GIVEN DATA:
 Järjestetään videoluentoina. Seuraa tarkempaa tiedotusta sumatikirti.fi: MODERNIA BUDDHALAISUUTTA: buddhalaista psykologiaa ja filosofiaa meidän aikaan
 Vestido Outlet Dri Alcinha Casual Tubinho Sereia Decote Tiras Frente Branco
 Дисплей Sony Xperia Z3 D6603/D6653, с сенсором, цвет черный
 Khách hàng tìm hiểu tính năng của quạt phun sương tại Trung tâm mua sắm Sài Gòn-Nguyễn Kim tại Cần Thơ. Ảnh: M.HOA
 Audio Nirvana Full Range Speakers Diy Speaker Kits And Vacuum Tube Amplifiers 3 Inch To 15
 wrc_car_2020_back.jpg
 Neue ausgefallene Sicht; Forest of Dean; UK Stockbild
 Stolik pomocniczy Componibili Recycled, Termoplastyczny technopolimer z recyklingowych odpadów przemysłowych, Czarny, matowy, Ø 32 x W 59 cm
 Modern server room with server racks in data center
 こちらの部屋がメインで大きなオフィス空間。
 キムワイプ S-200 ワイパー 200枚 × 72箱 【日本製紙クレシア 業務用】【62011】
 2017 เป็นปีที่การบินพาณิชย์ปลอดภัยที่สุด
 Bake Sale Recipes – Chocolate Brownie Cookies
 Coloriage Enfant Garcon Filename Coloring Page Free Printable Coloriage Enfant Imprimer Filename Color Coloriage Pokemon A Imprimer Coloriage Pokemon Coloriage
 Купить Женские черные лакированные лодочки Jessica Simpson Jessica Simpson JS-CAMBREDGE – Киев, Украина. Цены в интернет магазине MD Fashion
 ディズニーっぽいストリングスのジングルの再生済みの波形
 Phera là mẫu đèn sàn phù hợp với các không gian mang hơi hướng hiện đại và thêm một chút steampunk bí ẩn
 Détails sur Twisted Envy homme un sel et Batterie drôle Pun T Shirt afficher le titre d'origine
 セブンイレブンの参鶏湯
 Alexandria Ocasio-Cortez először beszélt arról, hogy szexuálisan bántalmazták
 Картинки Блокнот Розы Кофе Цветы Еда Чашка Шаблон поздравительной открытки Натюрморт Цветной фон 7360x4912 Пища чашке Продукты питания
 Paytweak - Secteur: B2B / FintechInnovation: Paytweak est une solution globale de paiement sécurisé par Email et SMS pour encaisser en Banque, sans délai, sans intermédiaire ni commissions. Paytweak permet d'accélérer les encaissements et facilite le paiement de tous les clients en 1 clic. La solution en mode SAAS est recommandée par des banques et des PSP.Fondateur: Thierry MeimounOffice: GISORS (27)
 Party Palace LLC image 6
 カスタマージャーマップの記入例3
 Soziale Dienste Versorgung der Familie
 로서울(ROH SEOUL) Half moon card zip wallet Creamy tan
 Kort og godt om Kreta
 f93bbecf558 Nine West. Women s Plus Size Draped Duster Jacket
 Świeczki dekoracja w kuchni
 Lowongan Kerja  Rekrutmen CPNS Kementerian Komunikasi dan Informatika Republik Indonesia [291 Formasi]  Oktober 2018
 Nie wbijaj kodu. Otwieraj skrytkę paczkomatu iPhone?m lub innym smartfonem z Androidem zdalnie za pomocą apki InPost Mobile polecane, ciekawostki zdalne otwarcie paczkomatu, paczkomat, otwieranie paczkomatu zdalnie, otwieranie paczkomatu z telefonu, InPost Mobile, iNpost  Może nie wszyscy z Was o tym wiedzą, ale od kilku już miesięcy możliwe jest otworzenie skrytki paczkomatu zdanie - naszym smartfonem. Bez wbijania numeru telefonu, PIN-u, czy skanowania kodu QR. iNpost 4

WHAT TO PRODUCE: Take the material above and transcribe all of it exactly.

EXERCISE SOLUTION:
 Järjestetään videoluentoina. Seuraa tarkempaa tiedotusta sumatikirti.fi: MODERNIA BUDDHALAISUUTTA: buddhalaista psykologiaa ja filosofiaa meidän aikaan
 Vestido Outlet Dri Alcinha Casual Tubinho Sereia Decote Tiras Frente Branco
 Дисплей Sony Xperia Z3 D6603/D6653, с сенсором, цвет черный
 Khách hàng tìm hiểu tính năng của quạt phun sương tại Trung tâm mua sắm Sài Gòn-Nguyễn Kim tại Cần Thơ. Ảnh: M.HOA
 Audio Nirvana Full Range Speakers Diy Speaker Kits And Vacuum Tube Amplifiers 3 Inch To 15
 wrc_car_2020_back.jpg
 Neue ausgefallene Sicht; Forest of Dean; UK Stockbild
 Stolik pomocniczy Componibili Recycled, Termoplastyczny technopolimer z recyklingowych odpadów przemysłowych, Czarny, matowy, Ø 32 x W 59 cm
 Modern server room with server racks in data center
 こちらの部屋がメインで大きなオフィス空間。
 キムワイプ S-200 ワイパー 200枚 × 72箱 【日本製紙クレシア 業務用】【62011】
 2017 เป็นปีที่การบินพาณิชย์ปลอดภัยที่สุด
 Bake Sale Recipes – Chocolate Brownie Cookies
 Coloriage Enfant Garcon Filename Coloring Page Free Printable Coloriage Enfant Imprimer Filename Color Coloriage Pokemon A Imprimer Coloriage Pokemon Coloriage
 Купить Женские черные лакированные лодочки Jessica Simpson Jessica Simpson JS-CAMBREDGE – Киев, Украина. Цены в интернет магазине MD Fashion
 ディズニーっぽいストリングスのジングルの再生済みの波形
 Phera là mẫu đèn sàn phù hợp với các không gian mang hơi hướng hiện đại và thêm một chút steampunk bí ẩn
 Détails sur Twisted Envy homme un sel et Batterie drôle Pun T Shirt afficher le titre d'origine
 セブンイレブンの参鶏湯
 Alexandria Ocasio-Cortez először beszélt arról, hogy szexuálisan bántalmazták
 Картинки Блокнот Розы Кофе Цветы Еда Чашка Шаблон поздравительной открытки Натюрморт Цветной фон 7360x4912 Пища чашке Продукты питания
 Paytweak - Secteur: B2B / FintechInnovation: Paytweak est une solution globale de paiement sécurisé par Email et SMS pour encaisser en Banque, sans délai, sans intermédiaire ni commissions. Paytweak permet d'accélérer les encaissements et facilite le paiement de tous les clients en 1 clic. La solution en mode SAAS est recommandée par des banques et des PSP.Fondateur: Thierry MeimounOffice: GISORS (27)
 Party Palace LLC image 6
 カスタマージャーマップの記入例3
 Soziale Dienste Versorgung der Familie
 로서울(ROH SEOUL) Half moon card zip wallet Creamy tan
 Kort og godt om Kreta
 f93bbecf558 Nine West. Women s Plus Size Draped Duster Jacket
 Świeczki dekoracja w kuchni
 Lowongan Kerja  Rekrutmen CPNS Kementerian Komunikasi dan Informatika Republik Indonesia [291 Formasi]  Oktober 2018
 Nie wbijaj kodu. Otwieraj skrytkę paczkomatu iPhone?m lub innym smartfonem z Androidem zdalnie za pomocą apki InPost Mobile polecane, ciekawostki zdalne otwarcie paczkomatu, paczkomat, otwieranie paczkomatu zdalnie, otwieranie paczkomatu z telefonu, InPost Mobile, iNpost  Może nie wszyscy z Was o tym wiedzą, ale od kilku już miesięcy możliwe jest otworzenie skrytki paczkomatu zdanie - naszym smartfonem. Bez wbijania numeru telefonu, PIN-u, czy skanowania kodu QR. iNpost 4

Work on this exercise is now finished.